Information provided -
***

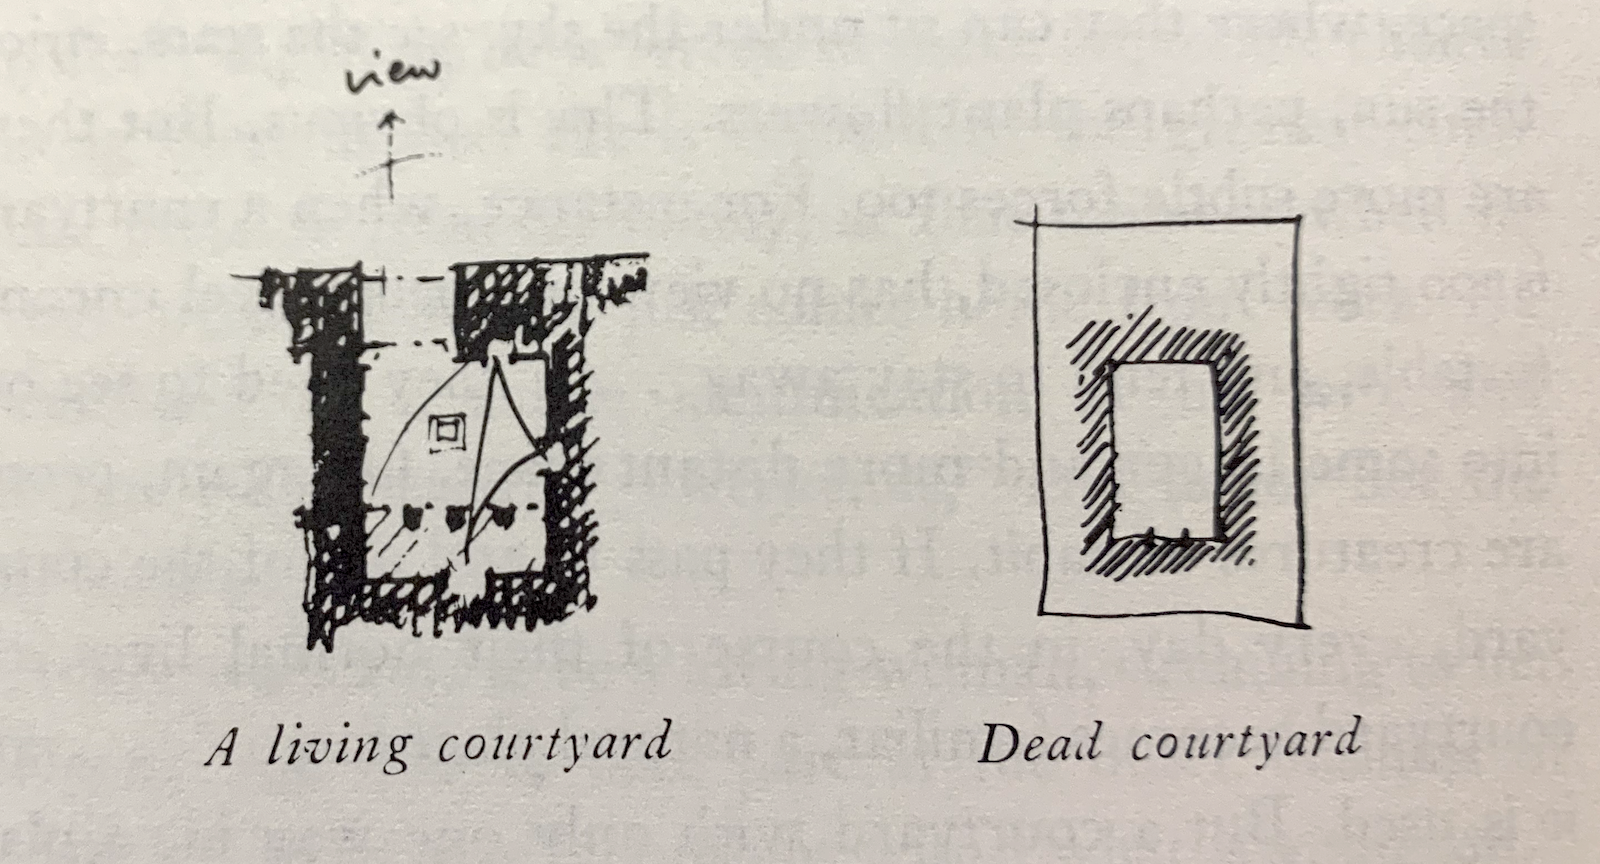 Alexander's example of a living courtyard vs. a dead one
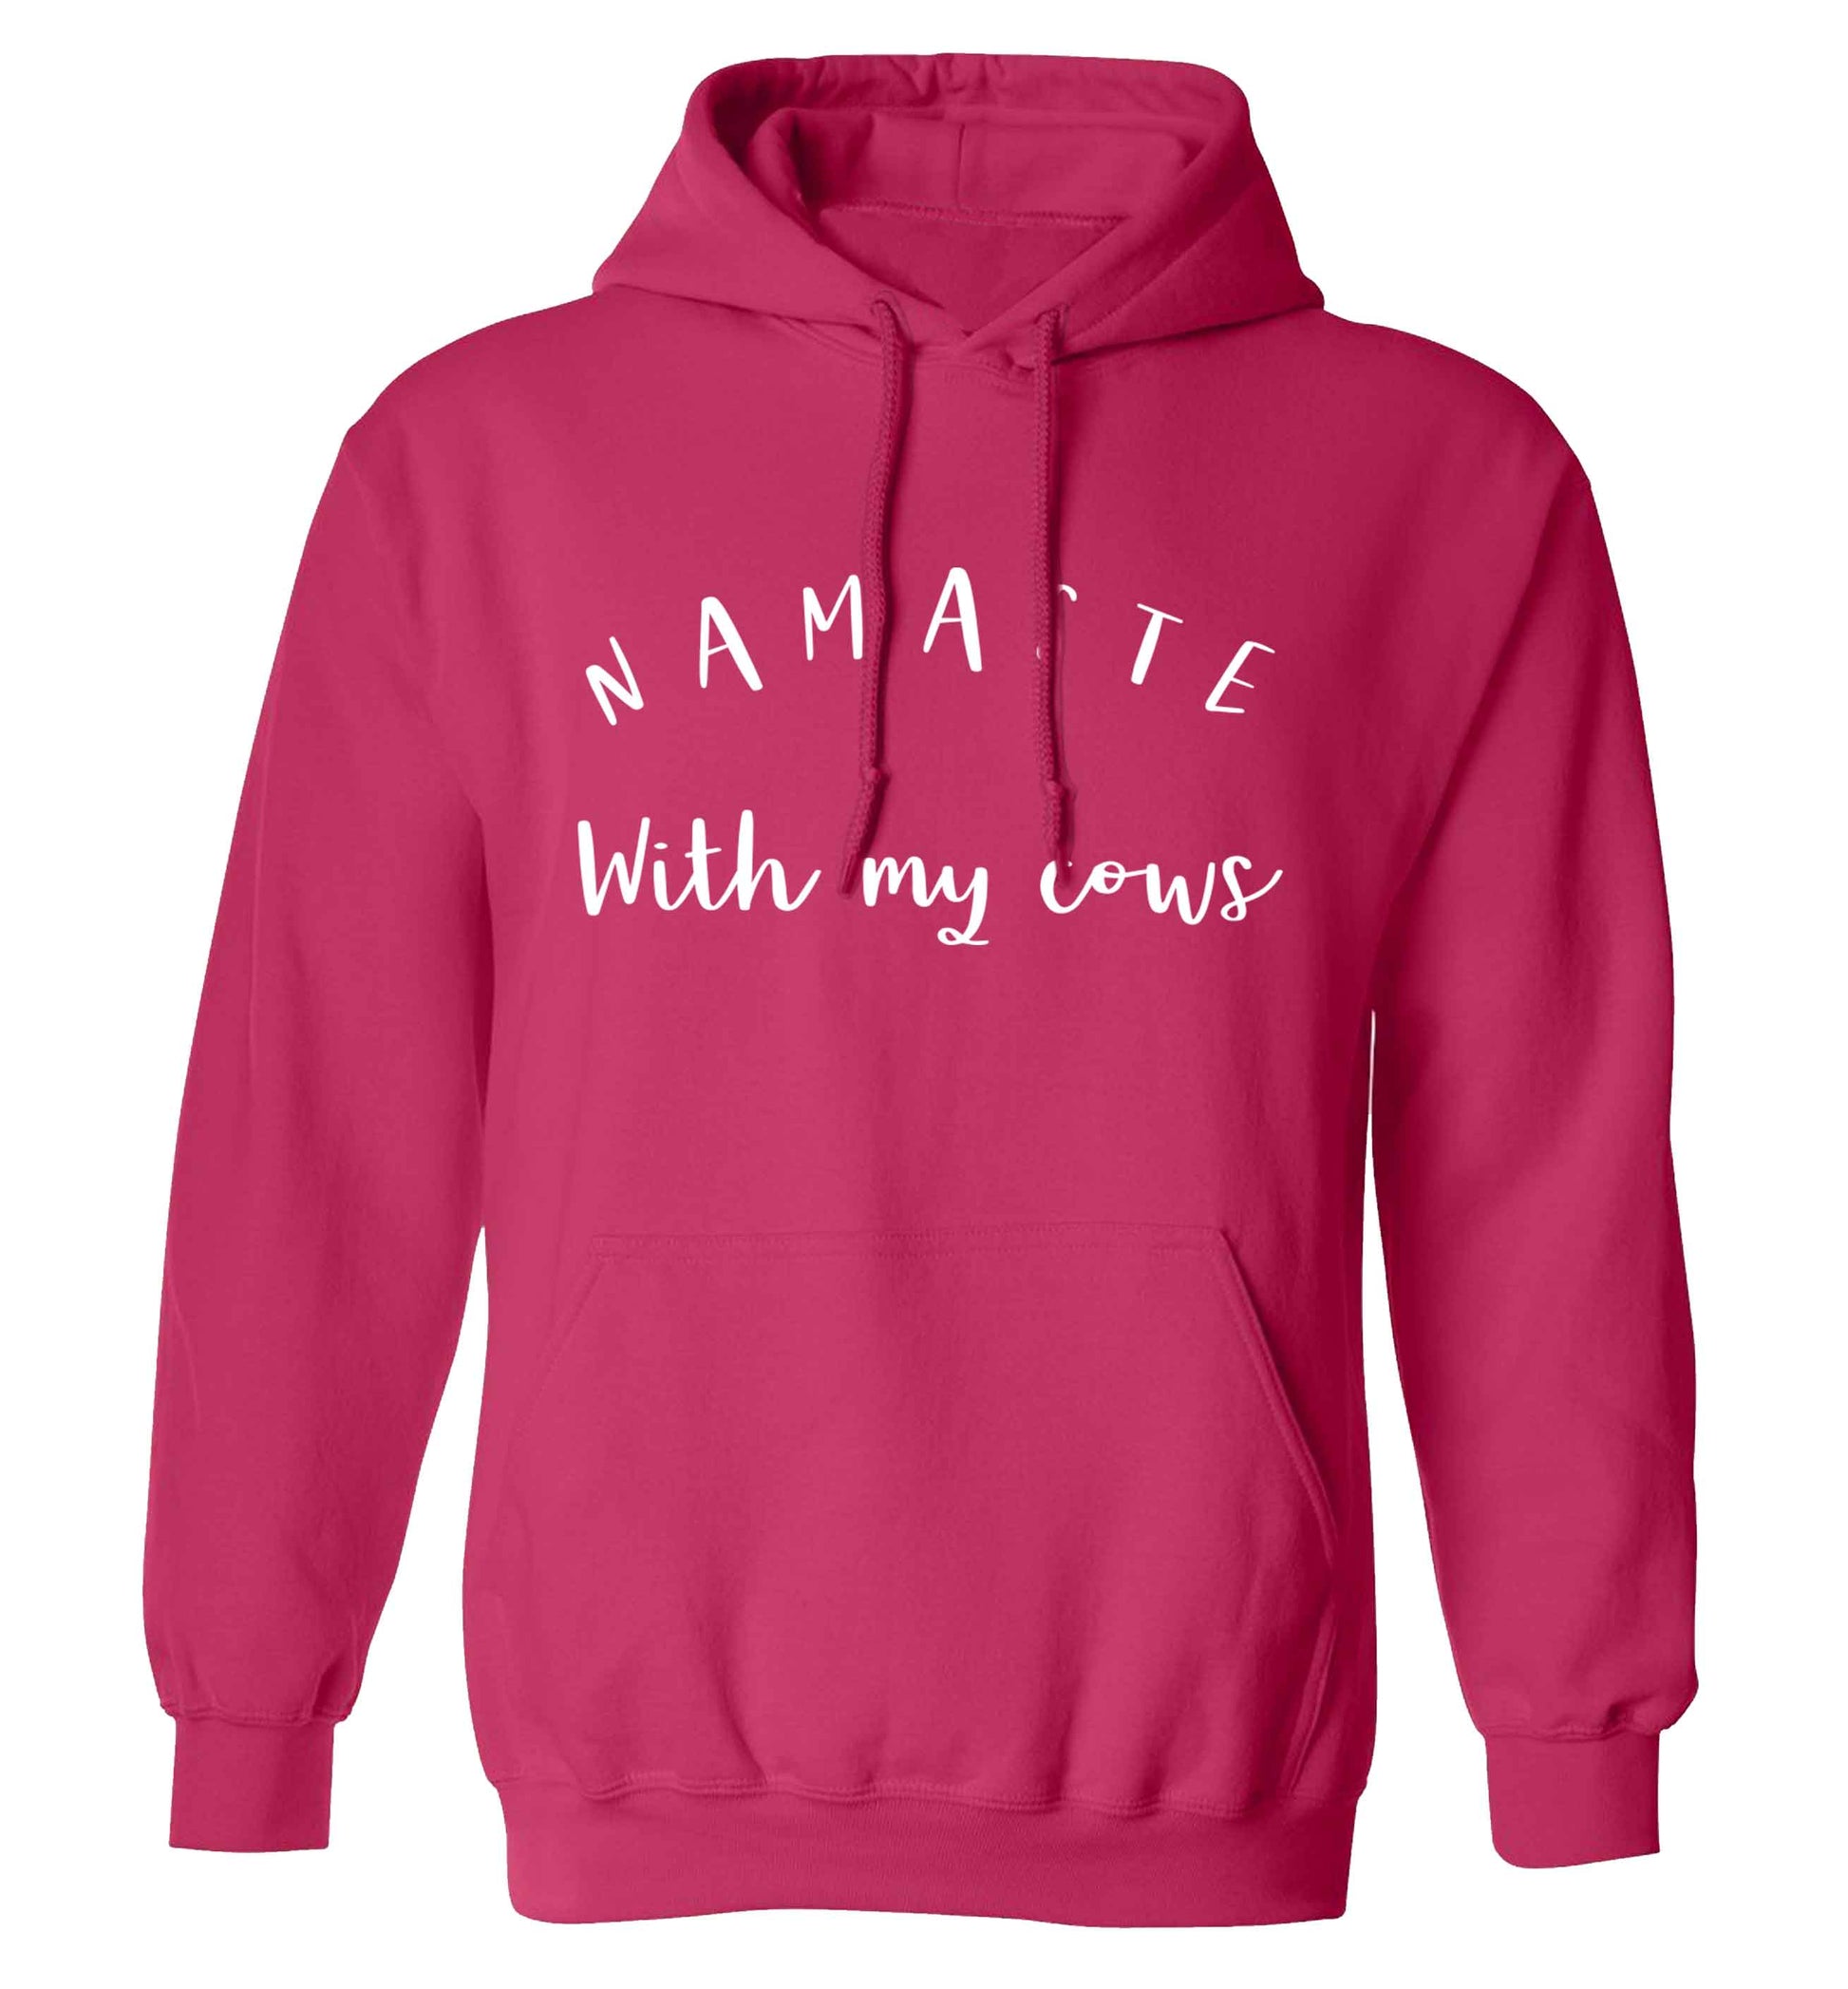 Namaste with my cows adults unisex pink hoodie 2XL
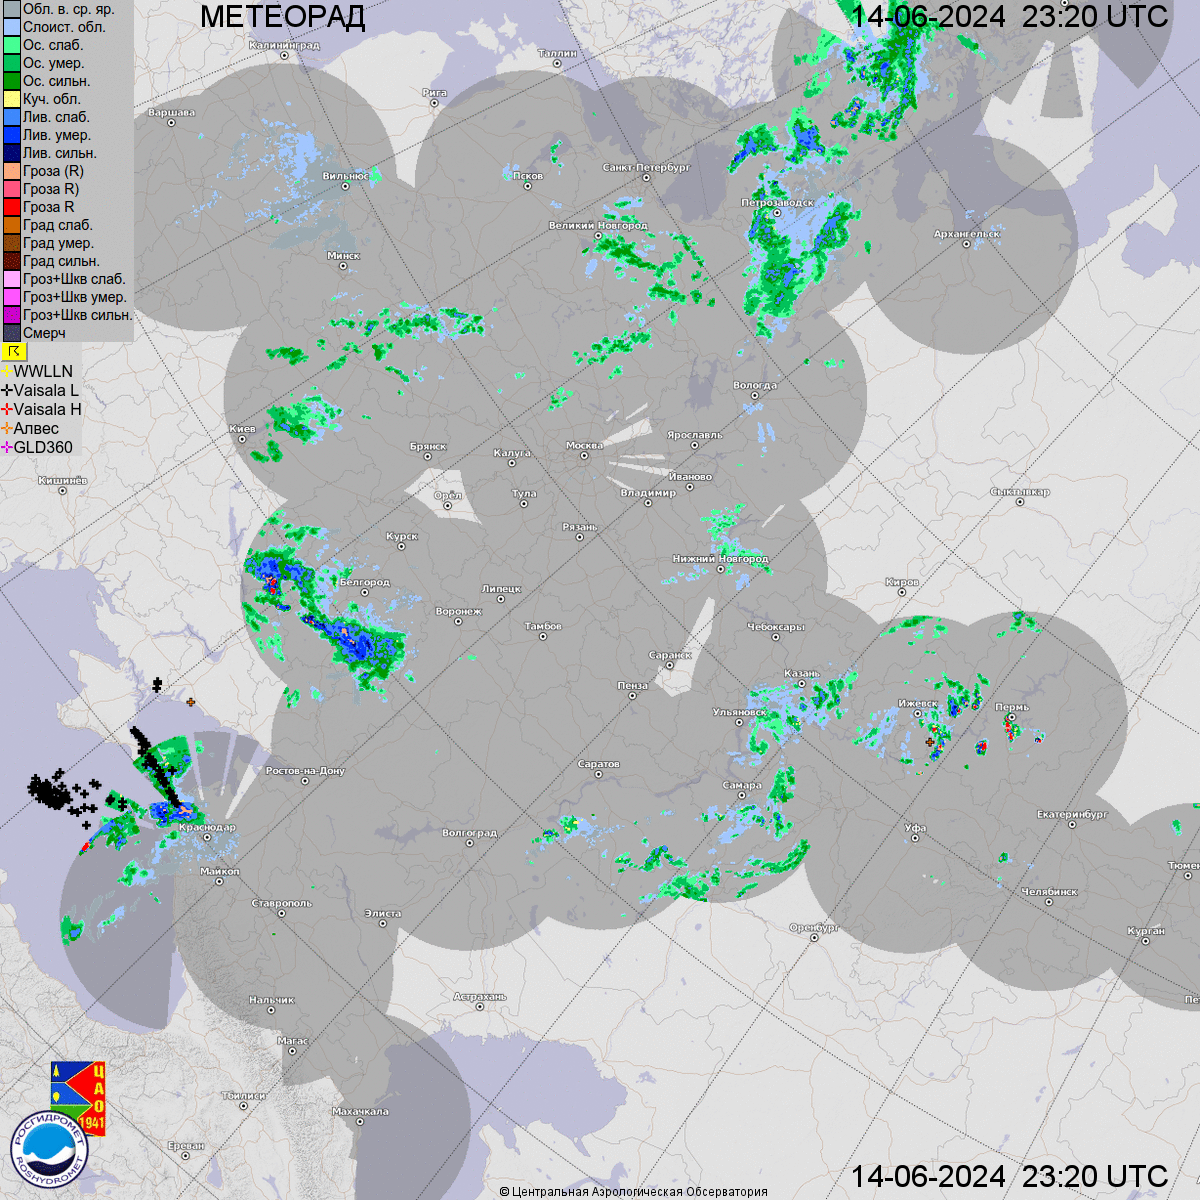 Weather phenomena during the recent 3 hours (on the basis of radar observations)

***

Everything in the data above gets copied exactly. Only the pictures are skipped.

 Alexander's example of a living courtyard vs. a dead one
 Namaste with my cows adults unisex pink hoodie 2XL
 Weather phenomena during the recent 3 hours (on the basis of radar observations)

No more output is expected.